Cohen Subpoena Puts SAC Settlement Talks on Ice

Steve Cohen, chairman and chief executive officer of SAC Captial Advisors LP.
Scott Eelis | Bloomberg | Getty Images
Steve Cohen, chairman and chief executive officer of SAC Captial Advisors LP.

Settlement talks between SAC Capital and the federal government, which could have led to a pact preventing criminal charges against founder Steven Cohen, are off after Cohen was issued a subpoena by prosecutors last week. That news may prompt outside investors in the embattled hedge fund, including the Blackstone Group, to accelerate yanking additional capital.

As recently as May 13, SAC officials were expressing confidence that a satisfactory resolution of the federal probe was soon to come, a person with knowledge of a potential pact said. A settlement package would have ended a multi-year probe into alleged insider trading of various stocks in exchange for a fine, among other concessions. But during the course of the last week, a surprise grand jury subpoena was issued to Cohen, truncating those deal talks abruptly.

Spokesmen for SAC have refused to confirm or deny that Cohen last week received a subpoena asking him to testify before a grand jury—a move that would essentially ask him to provide evidence against the firm he founded two decades ago and still runs. A spokesman for the Manhattan U.S. Attorney's office, which has been handling the SAC cases, declined comment.The subpoena was first reported by the New York Times late Sunday.

During a noontime conference call with investors on Monday, SAC officials remained mum, according to a listener, saying that media reports on the subpoena and related matters were pure speculation. SAC officials, who took no questions during the call, added that a resolution to the prosecutorial probe would occur within the next two months, this person added. Justice Department lawyers face a statute of limitations on bringing fresh charges on Cohen or the firm in connection with two particularly suspicious trades from 2008 that would force them to either indict the parties or stand down entirely by the end of July.

Monday's revelations ratcheted up the pressure on SAC that has been building slowly this year amid the indictment of a long-tenured firm trader, Michael Steinberg, and ongoing concerns over Cohen's implication in the case dating from 2008.

During the first quarter, SAC's outside investors requested the return of $1.7 billion, taking a substantial chunk of the $6 billion in external capital that SAC manages. Now, in light of the reported subpoena, the Blackstone Group, whose alternative-assets division pulled a portion of its SAC investment during the first quarter, is planning to withdraw at least part of the roughly $410 million that remains, said someone familiar with the matter. That decision, this person added, is based on concerns that Blackstone's own investors have raised.

(Read More: SAC Capital Won't Cooperate Unconditionally: Letter)


In recent months, SAC has also been hampered by lackluster performance figures. The fund's flagship was up about 1 percent for the first two weeks of May, said two people who have been briefed on the numbers, leaving it up roughly 6 percent year-to-date.
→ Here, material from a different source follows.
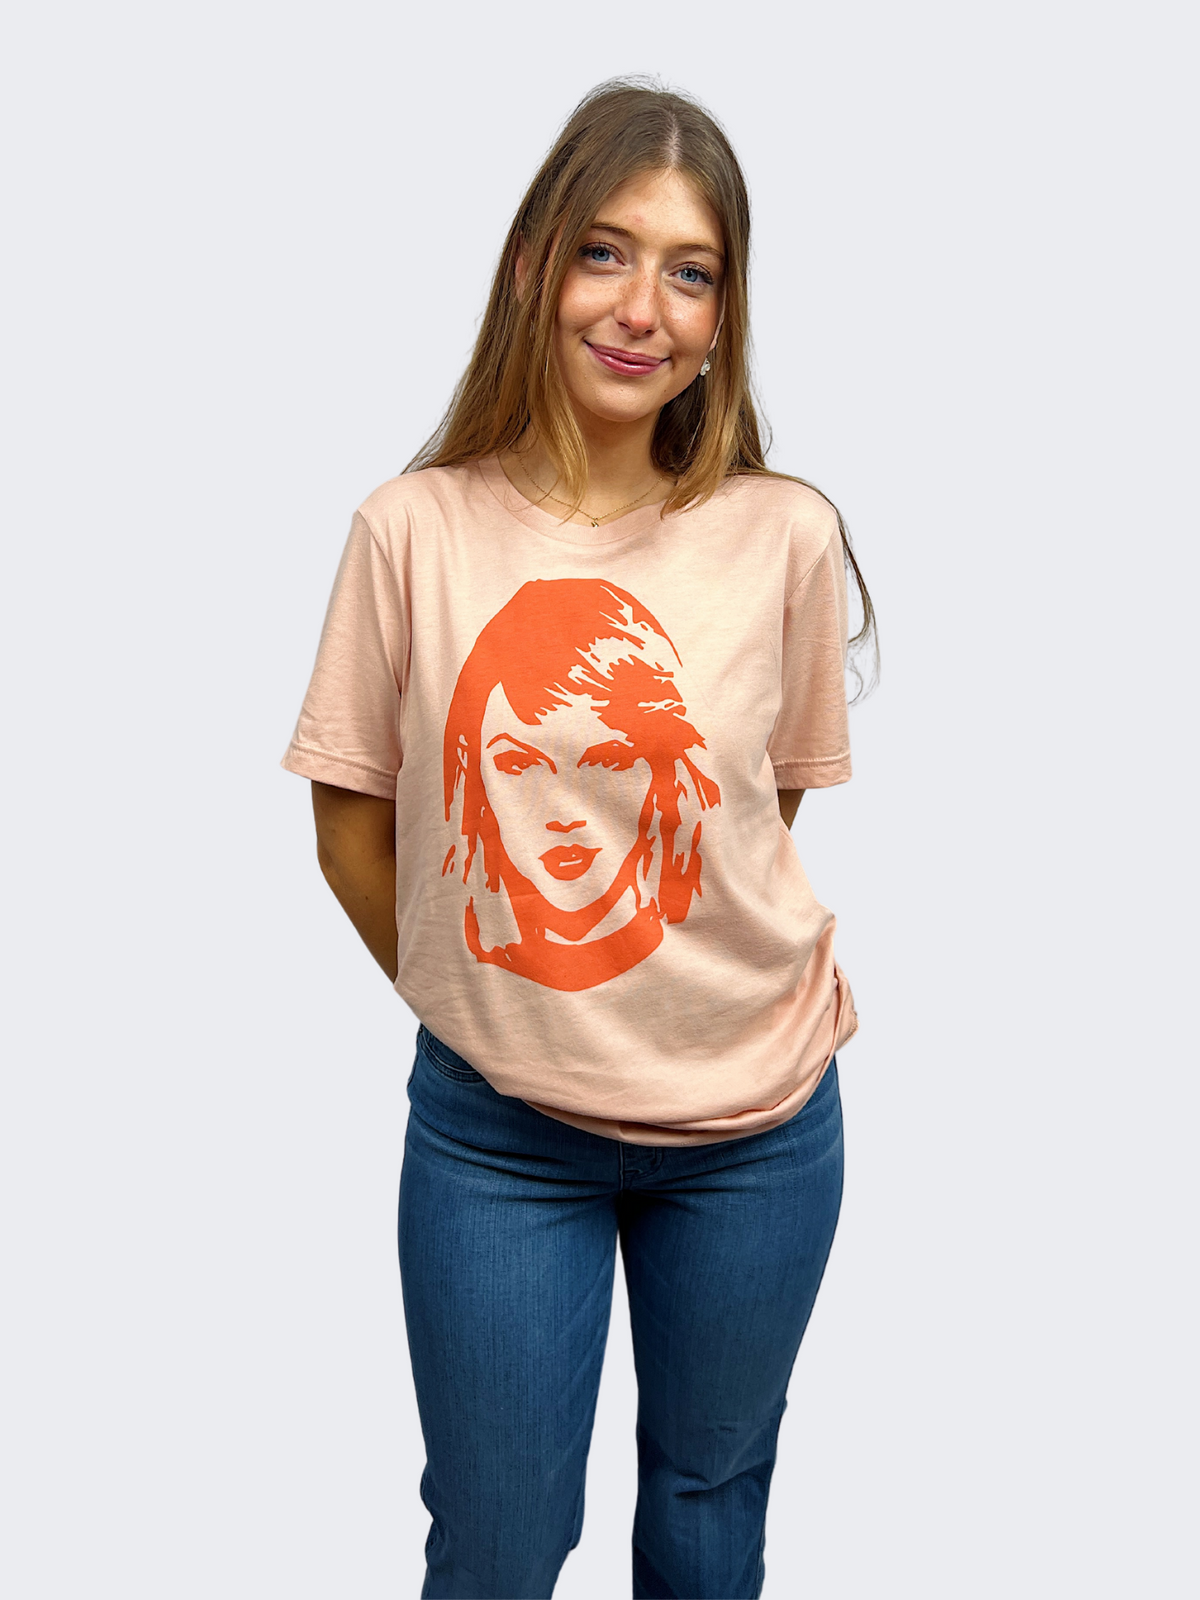 taylor swift face graphic tee in peach orange-front view

That's a far cry from the broader stock market, which was up about 16 percent through the same period, and roughly in line with competing hedge funds—a group that SAC has historically beaten.

On Friday, SAC told investors that the coming months would bring "substantially more clarity" to the legal picture and that it did not believe its hardening stance with prosecutors would have "a financial impact" on its funds. Nonetheless, even some of the firm's more stalwart supporters now appear to be having second thoughts. If a Cohen indictment becomes a more distinct possibility, SAC's outside investors "may have no choice" but to pull money, especially if they have their own clients to consider, said one money manager with money in the hedge fund.